**Stored data:**
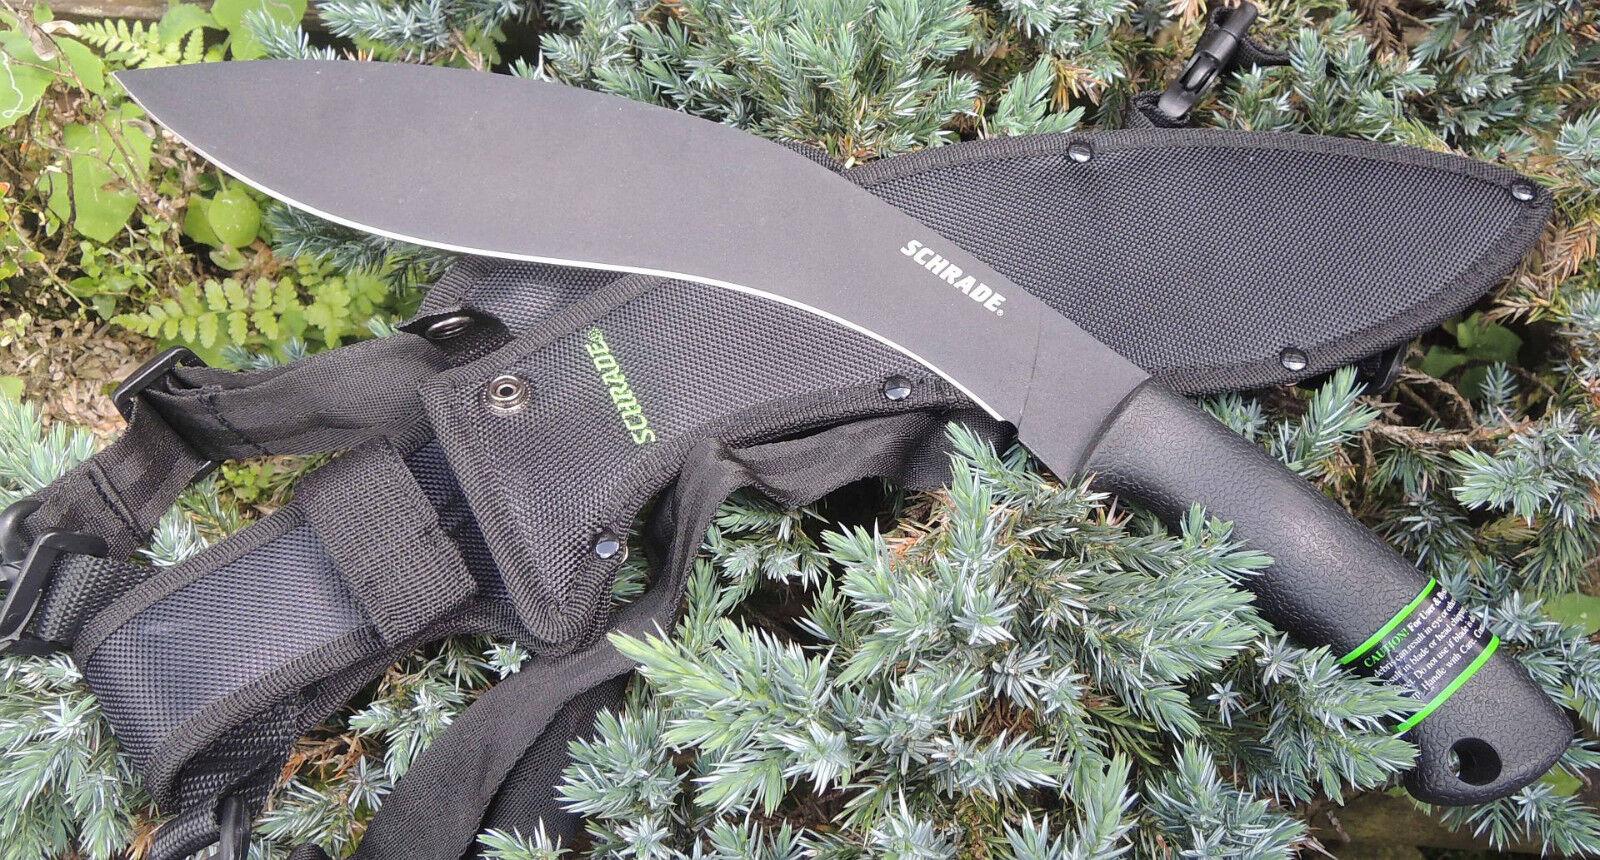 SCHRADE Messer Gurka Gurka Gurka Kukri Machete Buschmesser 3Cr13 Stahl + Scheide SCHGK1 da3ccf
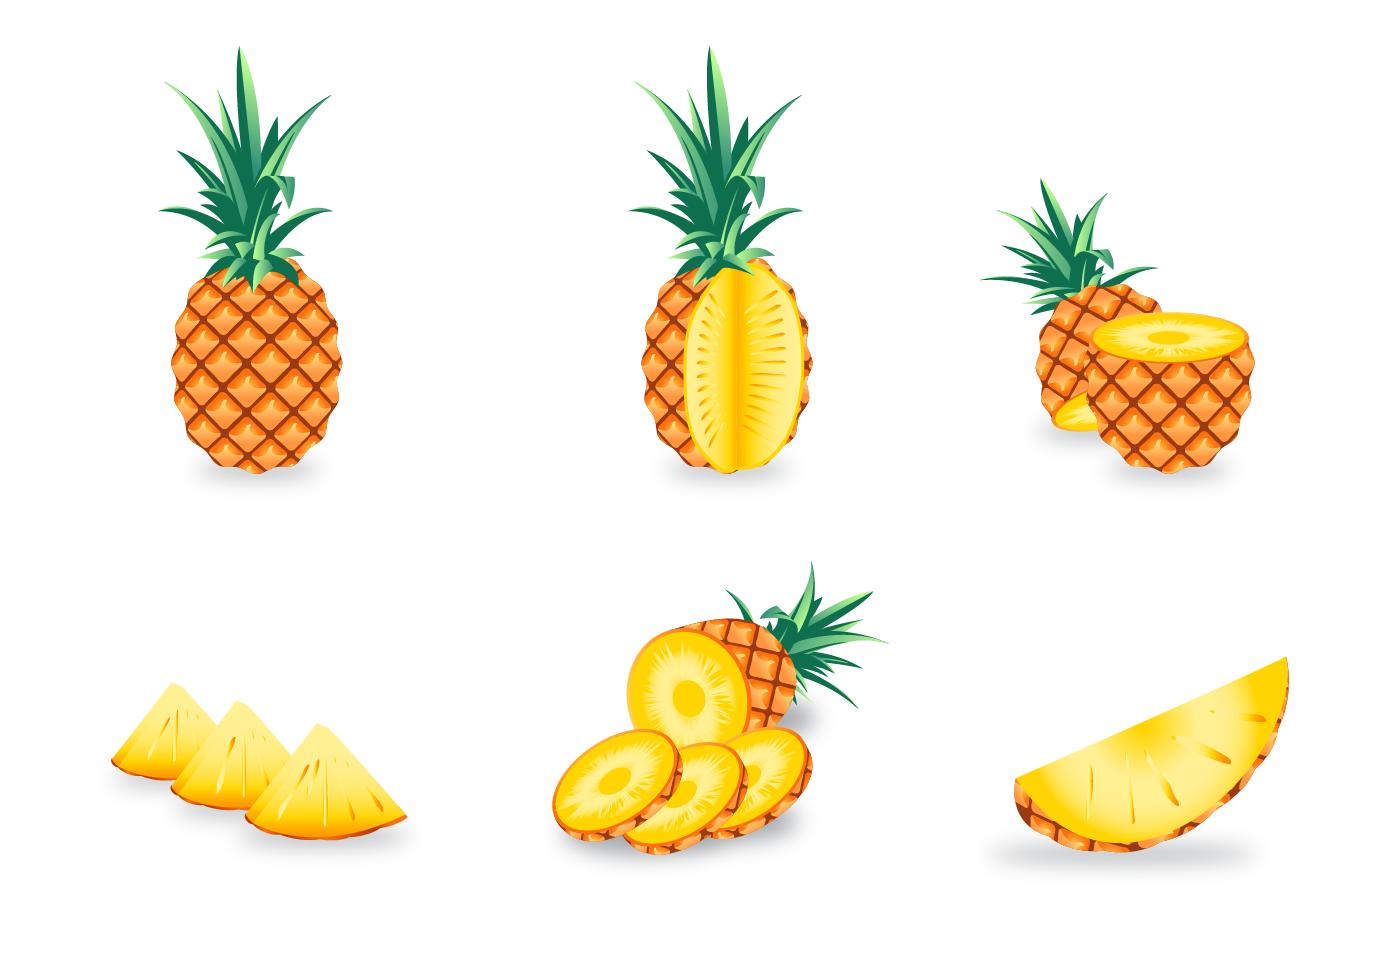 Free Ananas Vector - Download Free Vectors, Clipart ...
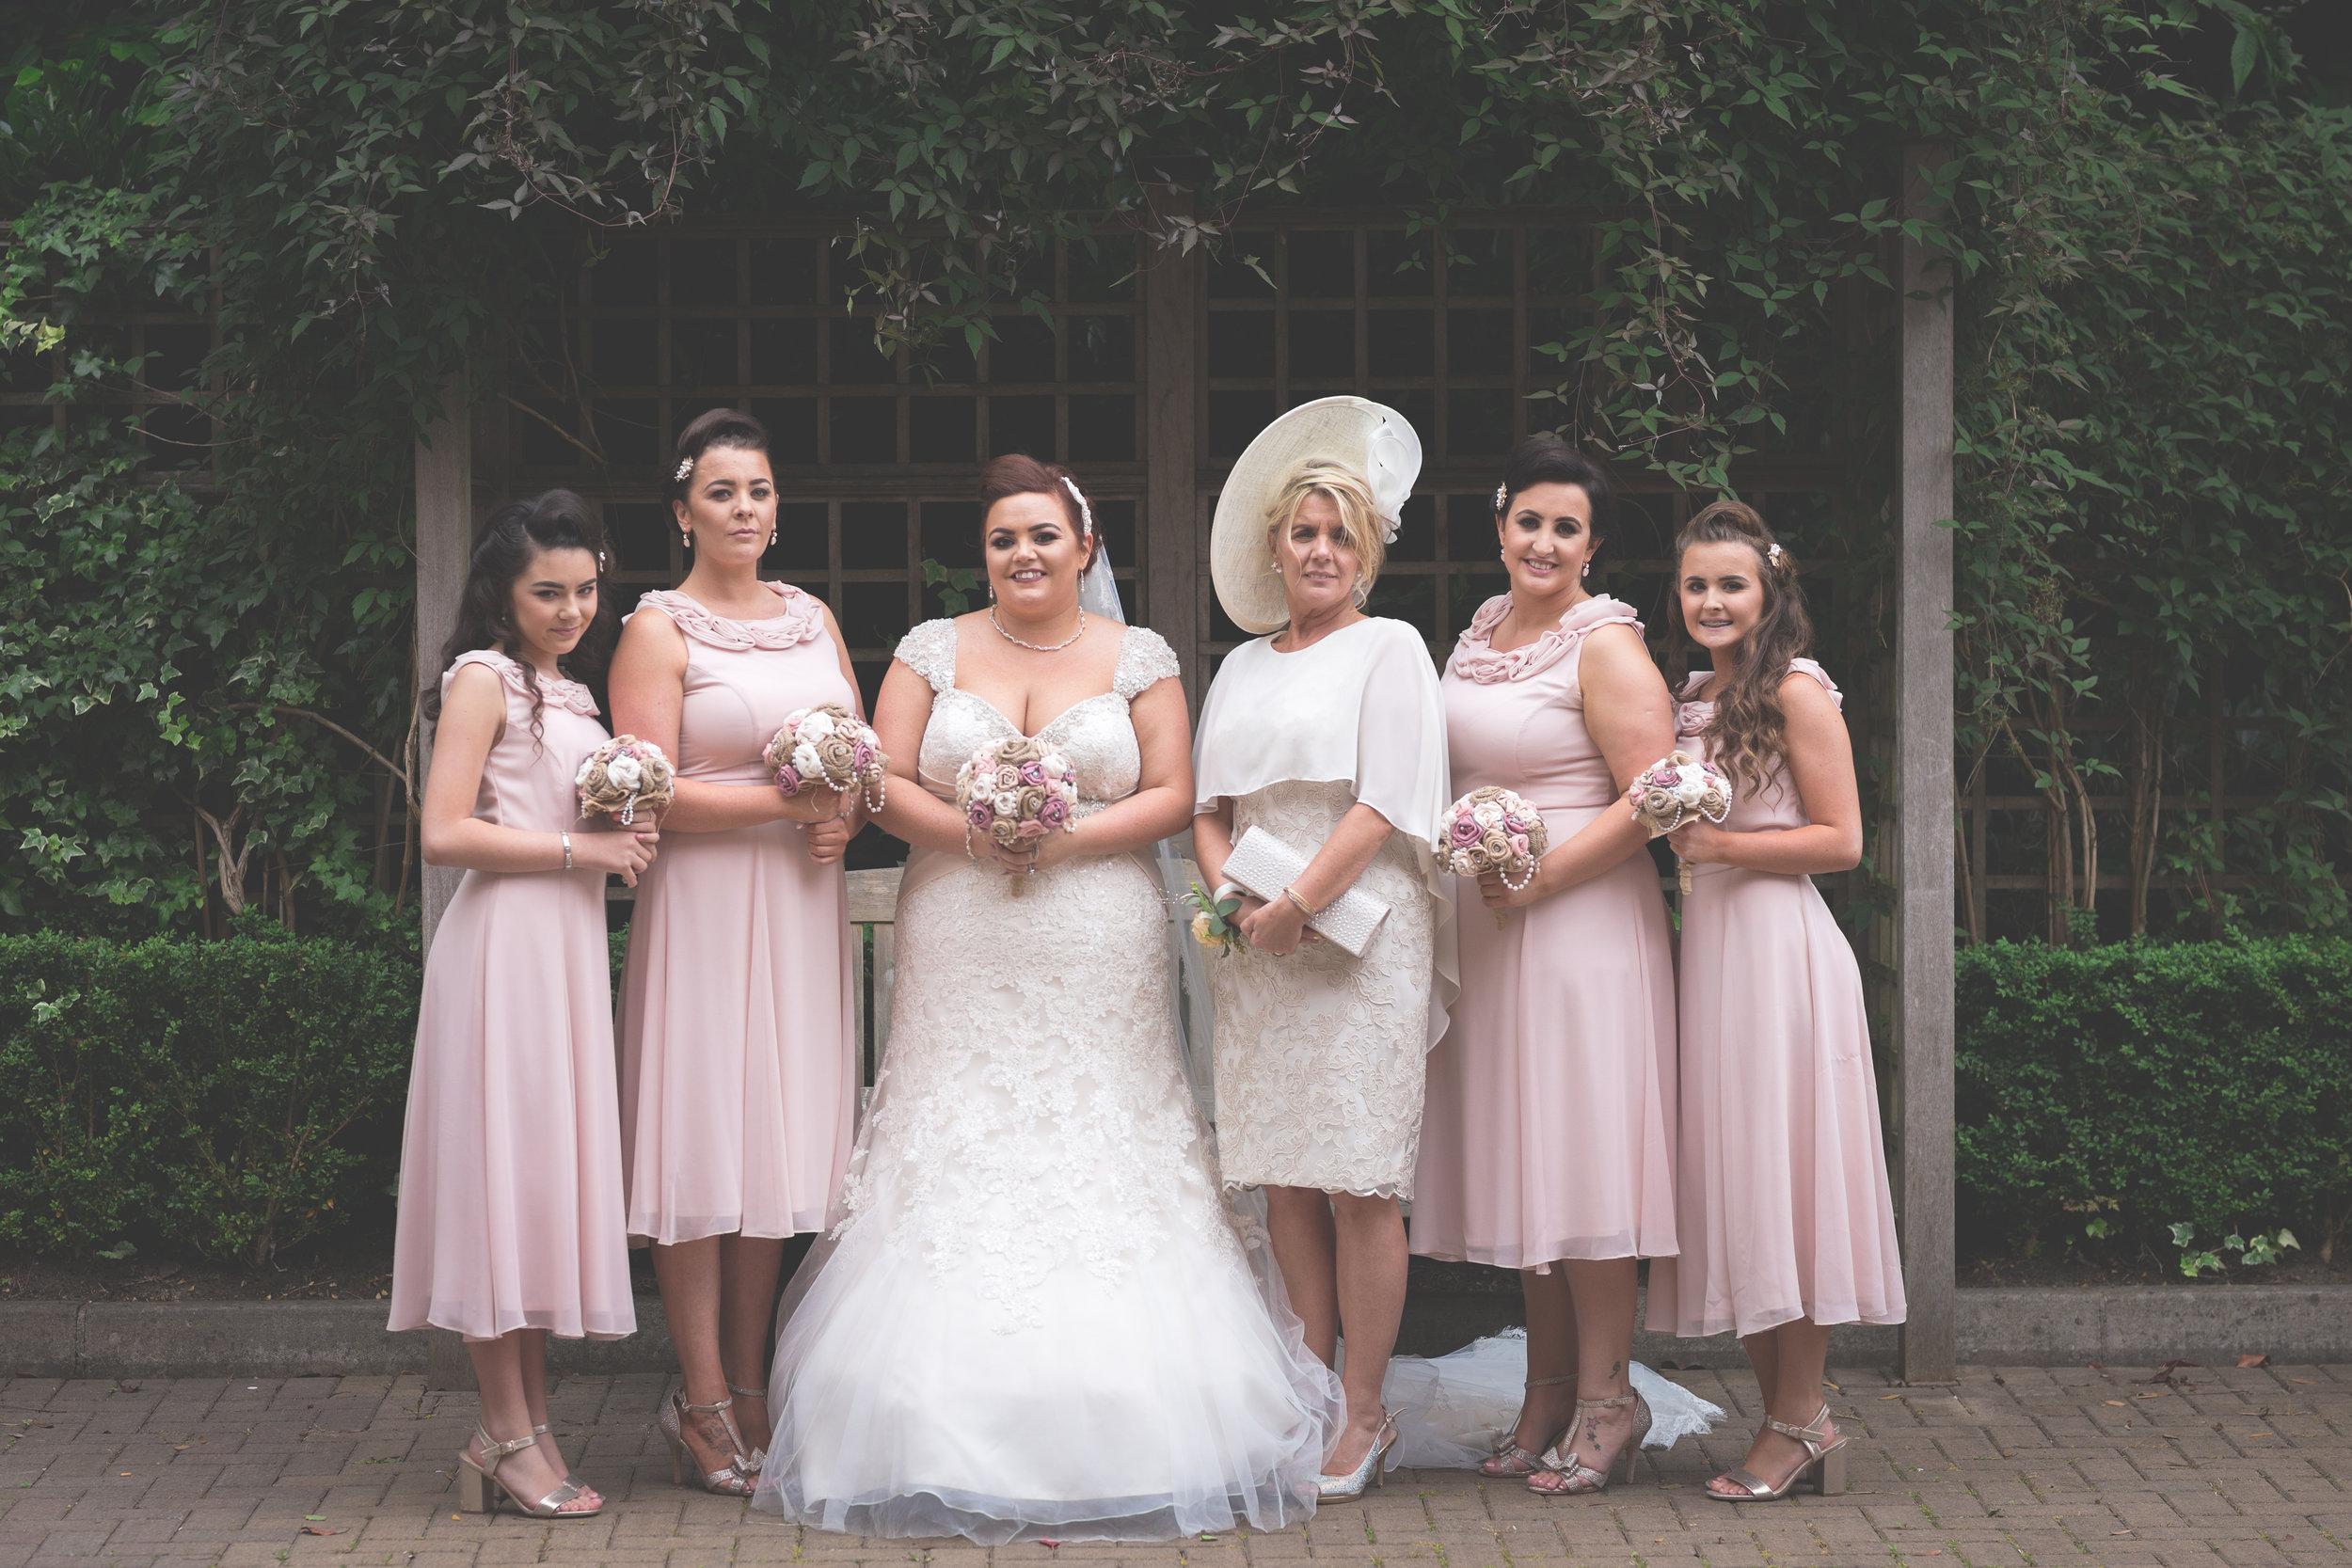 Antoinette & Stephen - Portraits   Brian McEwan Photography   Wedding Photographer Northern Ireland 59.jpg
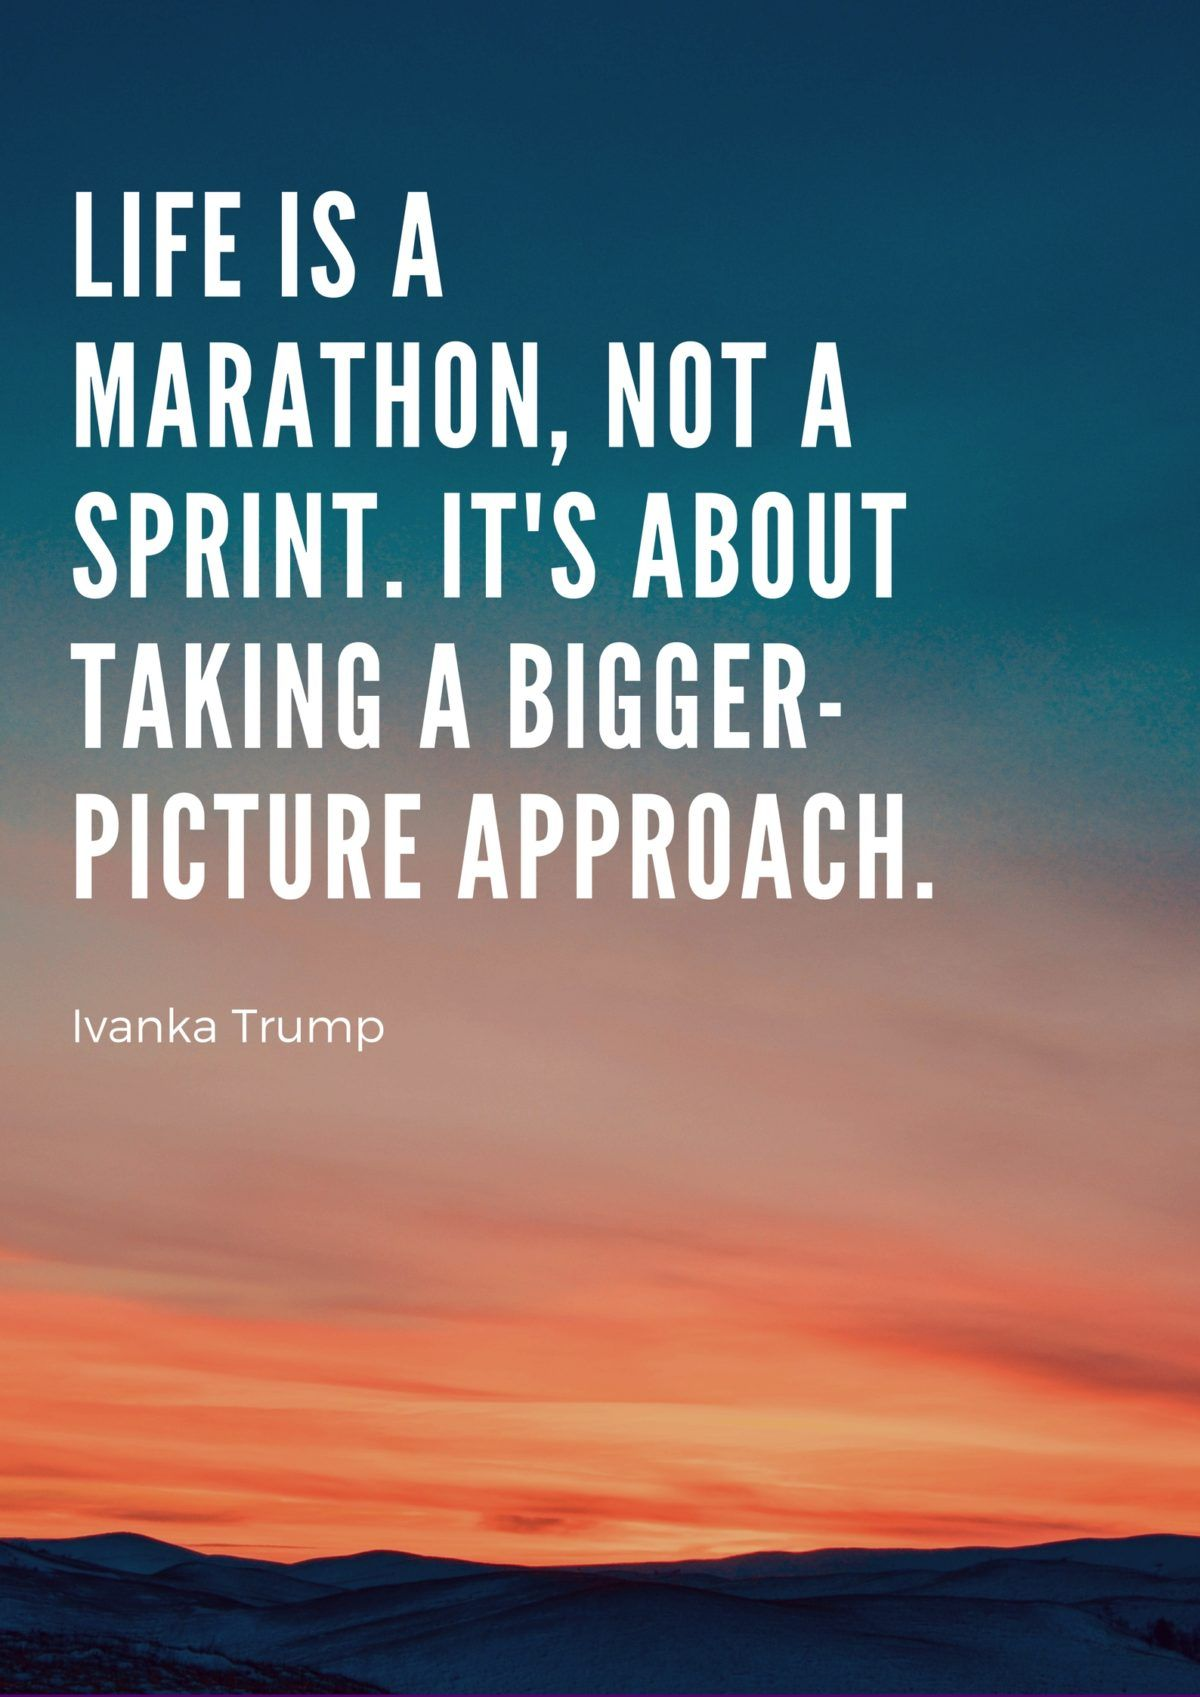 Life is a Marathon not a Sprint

**What the exercise asks:** Could you write out exactly the lines from the line containing "Antoinette & Stephen" to the end of the material, and nothing else? No pictures belong in the copy.

**Reply:**
 Antoinette & Stephen - Portraits   Brian McEwan Photography   Wedding Photographer Northern Ireland 59.jpg
 Life is a Marathon not a Sprint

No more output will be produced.